● Task
Write the listing out once more, with every line exactly as it stands.

● Supplied data

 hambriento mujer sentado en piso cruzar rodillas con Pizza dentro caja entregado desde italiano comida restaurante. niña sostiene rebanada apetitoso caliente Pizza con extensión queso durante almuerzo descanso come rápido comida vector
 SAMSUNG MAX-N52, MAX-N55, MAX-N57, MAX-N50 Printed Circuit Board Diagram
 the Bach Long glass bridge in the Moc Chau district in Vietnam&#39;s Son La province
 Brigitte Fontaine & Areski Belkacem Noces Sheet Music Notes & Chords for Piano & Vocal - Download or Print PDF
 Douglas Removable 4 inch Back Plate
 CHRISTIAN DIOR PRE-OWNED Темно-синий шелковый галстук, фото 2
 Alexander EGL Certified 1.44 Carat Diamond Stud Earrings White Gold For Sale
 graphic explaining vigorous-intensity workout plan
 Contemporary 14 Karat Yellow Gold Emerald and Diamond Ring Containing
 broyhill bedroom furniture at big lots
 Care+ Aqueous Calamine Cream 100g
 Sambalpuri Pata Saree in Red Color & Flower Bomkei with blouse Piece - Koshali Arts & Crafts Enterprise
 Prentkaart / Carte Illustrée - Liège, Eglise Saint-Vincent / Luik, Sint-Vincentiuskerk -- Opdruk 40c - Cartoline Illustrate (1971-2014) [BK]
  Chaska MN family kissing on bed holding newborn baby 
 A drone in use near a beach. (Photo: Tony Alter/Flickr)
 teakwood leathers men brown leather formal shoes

● Your response
 hambriento mujer sentado en piso cruzar rodillas con Pizza dentro caja entregado desde italiano comida restaurante. niña sostiene rebanada apetitoso caliente Pizza con extensión queso durante almuerzo descanso come rápido comida vector
 SAMSUNG MAX-N52, MAX-N55, MAX-N57, MAX-N50 Printed Circuit Board Diagram
 the Bach Long glass bridge in the Moc Chau district in Vietnam&#39;s Son La province
 Brigitte Fontaine & Areski Belkacem Noces Sheet Music Notes & Chords for Piano & Vocal - Download or Print PDF
 Douglas Removable 4 inch Back Plate
 CHRISTIAN DIOR PRE-OWNED Темно-синий шелковый галстук, фото 2
 Alexander EGL Certified 1.44 Carat Diamond Stud Earrings White Gold For Sale
 graphic explaining vigorous-intensity workout plan
 Contemporary 14 Karat Yellow Gold Emerald and Diamond Ring Containing
 broyhill bedroom furniture at big lots
 Care+ Aqueous Calamine Cream 100g
 Sambalpuri Pata Saree in Red Color & Flower Bomkei with blouse Piece - Koshali Arts & Crafts Enterprise
 Prentkaart / Carte Illustrée - Liège, Eglise Saint-Vincent / Luik, Sint-Vincentiuskerk -- Opdruk 40c - Cartoline Illustrate (1971-2014) [BK]
  Chaska MN family kissing on bed holding newborn baby 
 A drone in use near a beach. (Photo: Tony Alter/Flickr)
 teakwood leathers men brown leather formal shoes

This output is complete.